# Half way through first test E + deca cycle, possible deca dick :(



## B3NNY (Apr 24, 2011)

I think i may have the dreaded deca dick half way through my first cycle.

Ive done 4 weeks of my first cycle today is meant to be the 5th jab, but im worried i have the dreaded deca dick after not being able to get a erection yesterday morning, and i havent tried with my good lady since (she also doesnt know about the roids.)

For the last 4 weeks ive been injecting 250mg deca and 250mg Test E once a week.

Would it be possible to have devolped this on such a low dosage? A few of my mates are doing the same cycle with no problems but obviously it effect different people if different ways.

I have read it could all be in my head as im abit of a worrier anyway once i get somthing in my head.

Is there anything i can do or buy online to sort this out? Quite gutted actully as after 4 weeks gains where good and strength was increasing.

HELP ME


----------



## Psycho6 (Jun 5, 2011)

Not an expert my friend but you should be shooting more test than Deca for precisely this reason.

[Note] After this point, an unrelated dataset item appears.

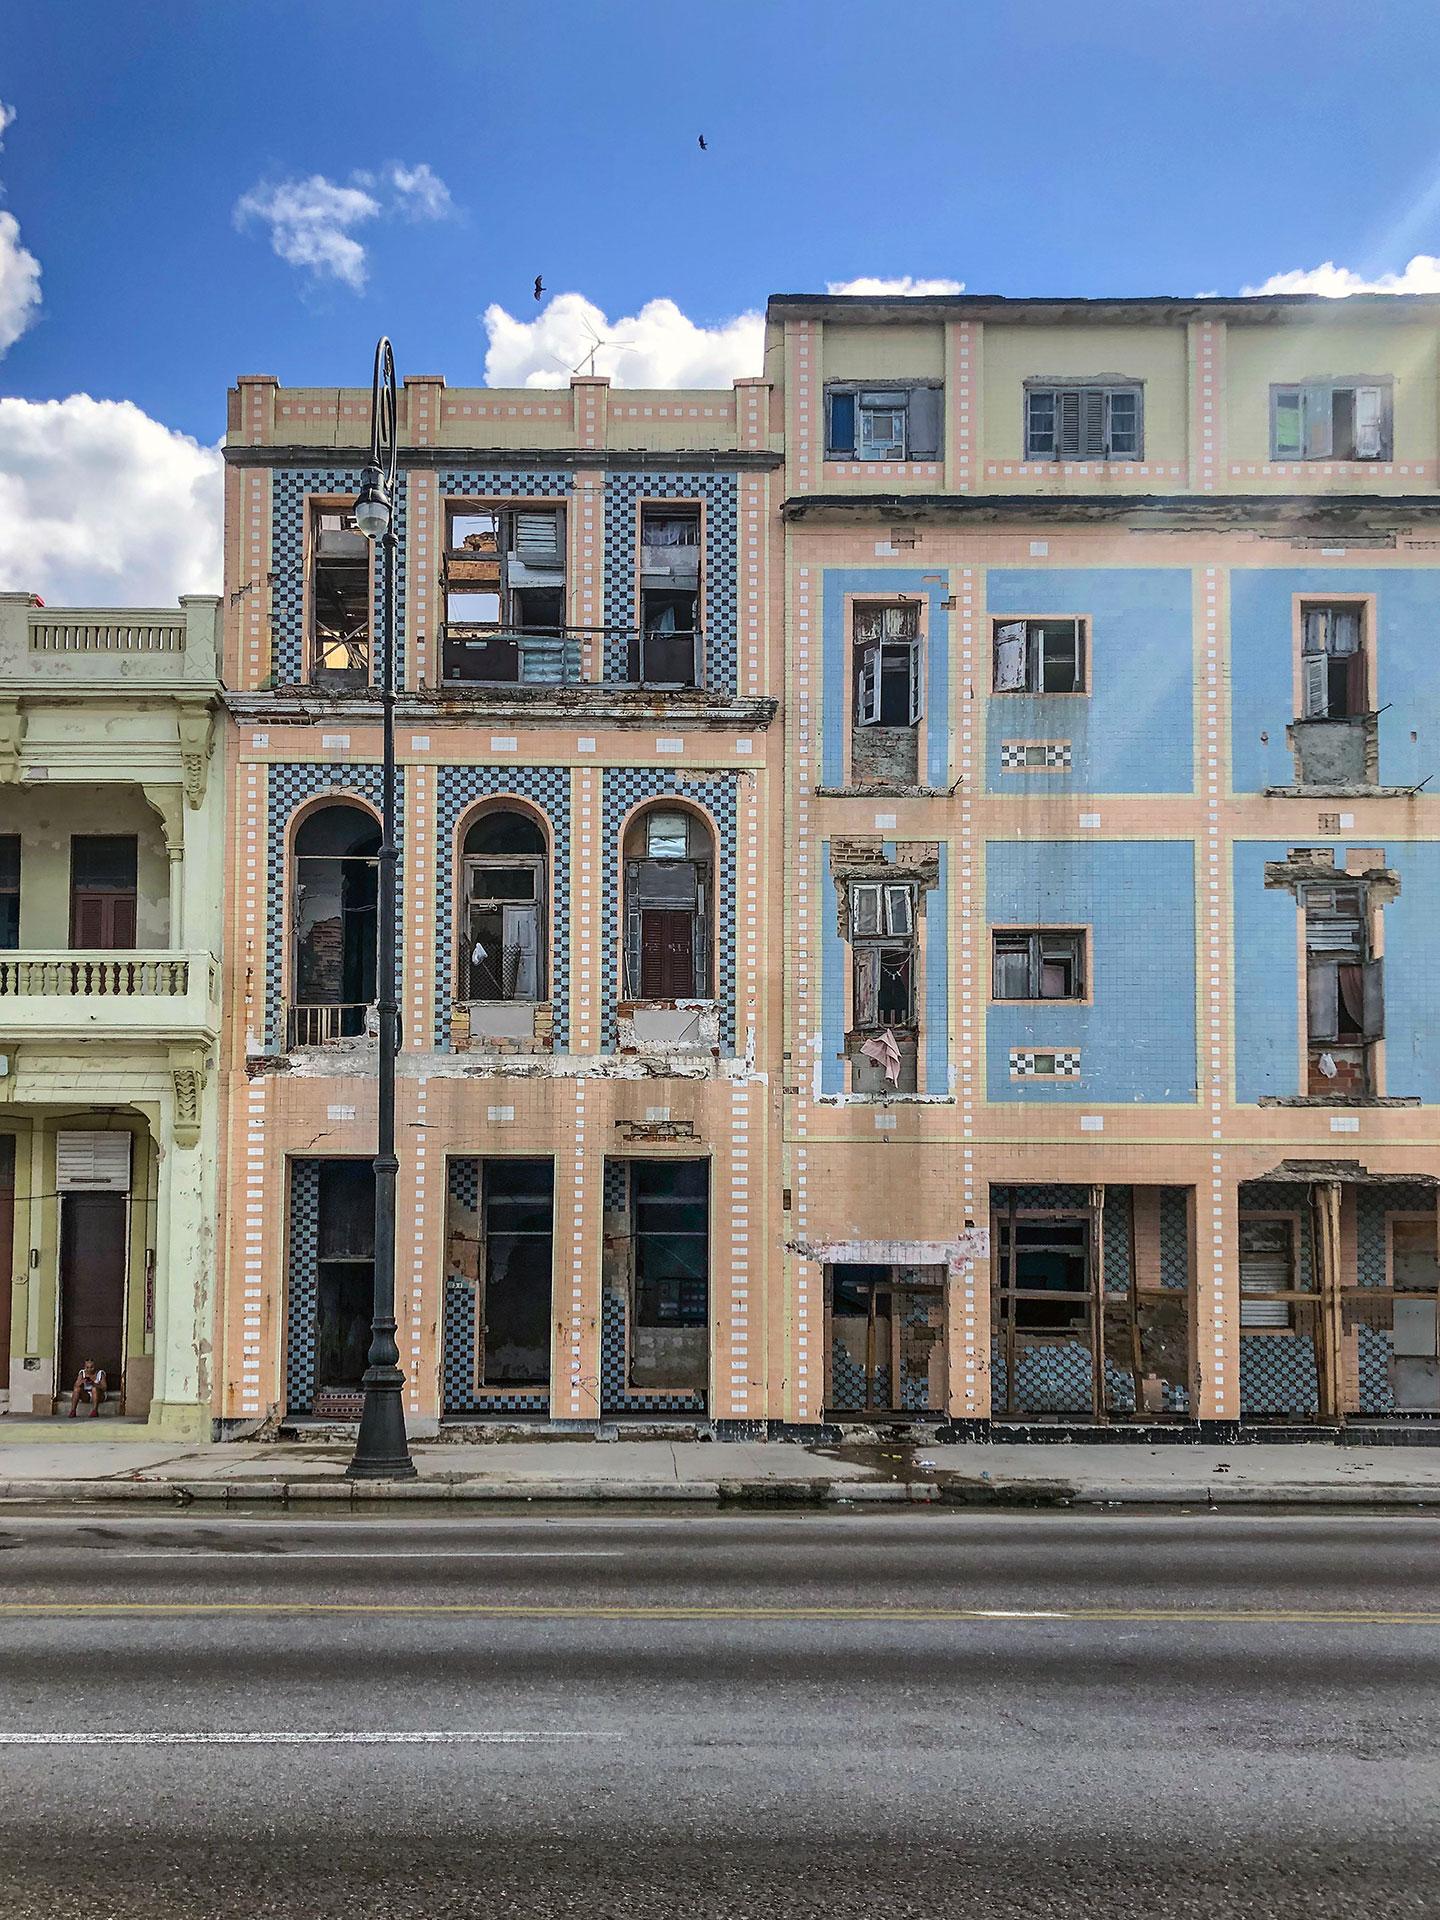 Classic building in Havana, Cuba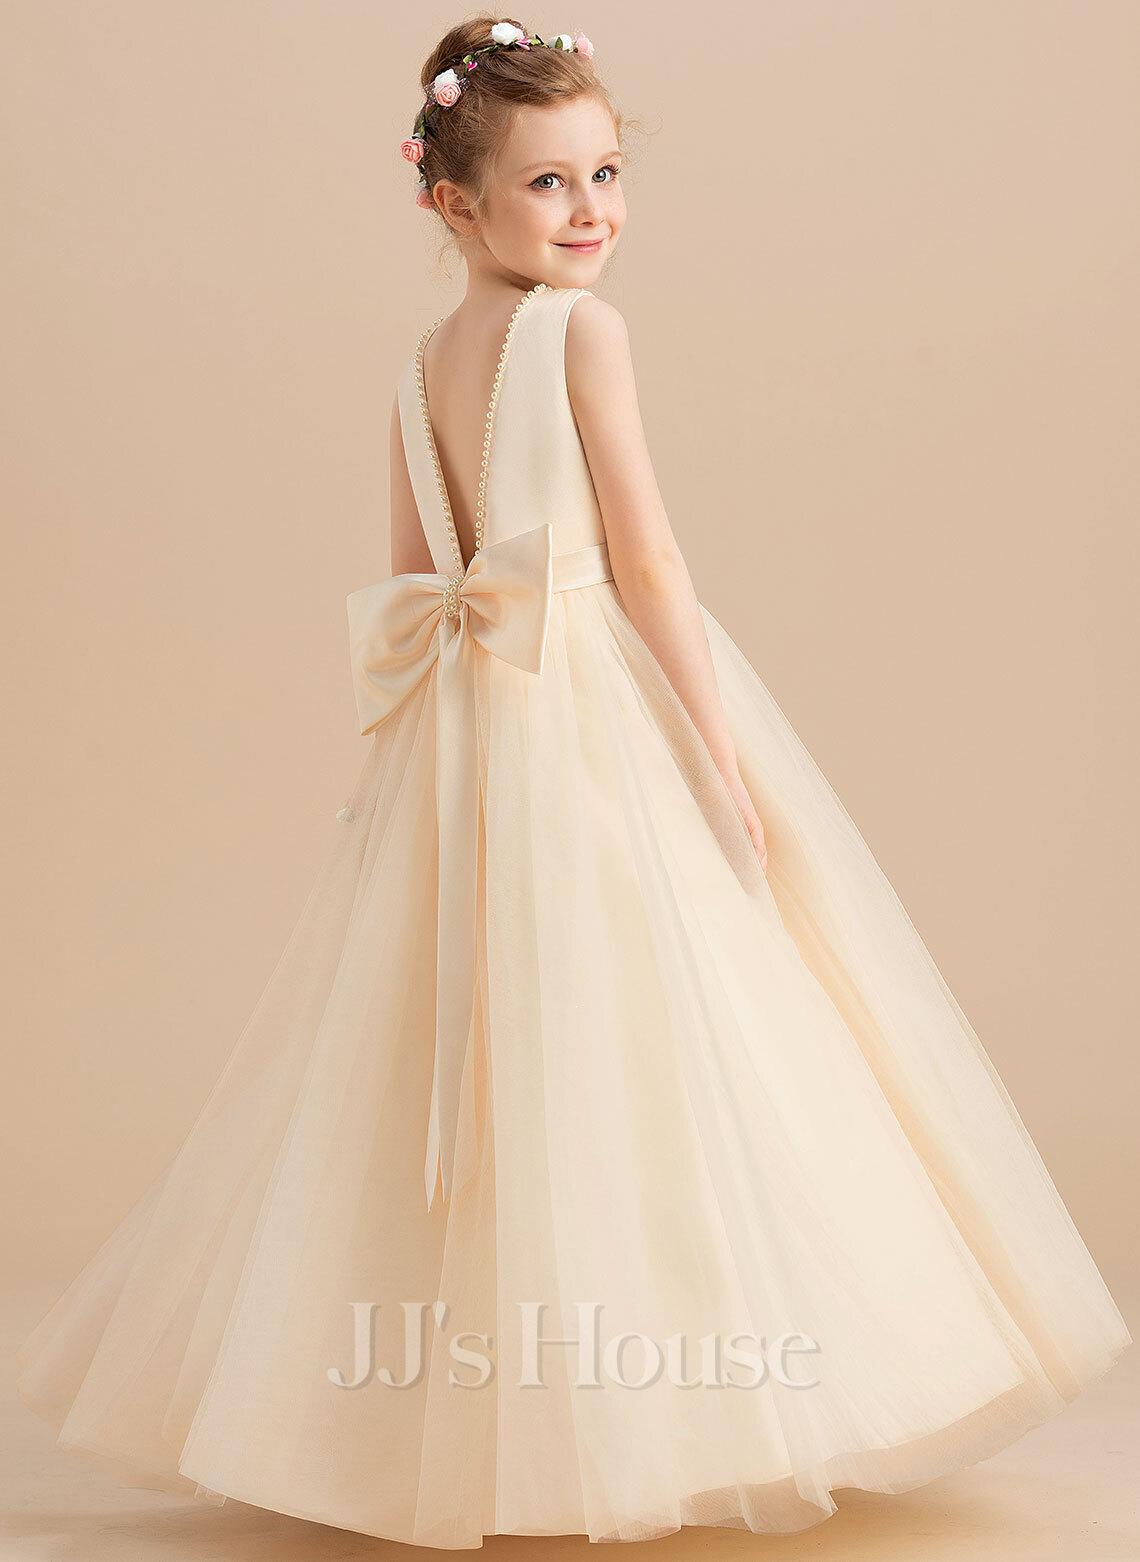 Ball-Gown/Princess Floor-length Flower Girl Dress - Satin/Tulle Sleeveless Scoop Neck With Beading/Bow(s)

If you've only been on 4 weeks, why not just drop the Deca and stick with the test until things improve, OR stay on the Deca but do test twice a week instead if you have enough? In addition, get some Kamagra sorted in case it happens again - I got 12 tabs the other day for 15.99, popped one to test 'em out and was horny as **** for 24 hours afterwards - better to have and not need than need and not have etc. Hope this helps - its the blind leading the blind but having done your cycle before I have learnt a few things. Most importantly, stay positive man, easy to convince your dick you have problems when you don't, one lost hard on does not an impotent Deca dick man maketh. Good luck


----------



## G-man99 (Jul 15, 2008)

I'd double up on your test dose asap


----------



## B3NNY (Apr 24, 2011)

This is what thought after some reading i had done today and am prepered to do, the problem i have is that i only got givin 5weeks as the guy my mate gets it off was waiting for the other half of his shipment, i now only have 1 deca left and one test E, i assume there is no where online i can buy test E

Gutted as im starting to look good haha! just dont want to carry on once i get the rest o my gear if im going to suffer these sides..


----------



## Mars (Aug 25, 2007)

I don't care how much deca you are using TBH, sure it shuts down natural test production but if you are taking 250mg of test p/w (around 5 x more than normal) you should have a strong libido. What about estrogen? high estrogen levels (which you will have by now) could be causing this, are you taking an AI for estrogen management? are you using hCG? adding both these (and possibly some proviron) will sort the problem and make recovery easier post cycle without having to increase your doses of steroids.


----------



## B3NNY (Apr 24, 2011)

Mars, im not taking either of what you have mentioned as said this is my first cycle and problerly abit of a mistake as far as experiance is concerned, now this has happend ive started to do my research which i SHOULD have done before, are you able to tell me where i can get those products and what dosage i should use?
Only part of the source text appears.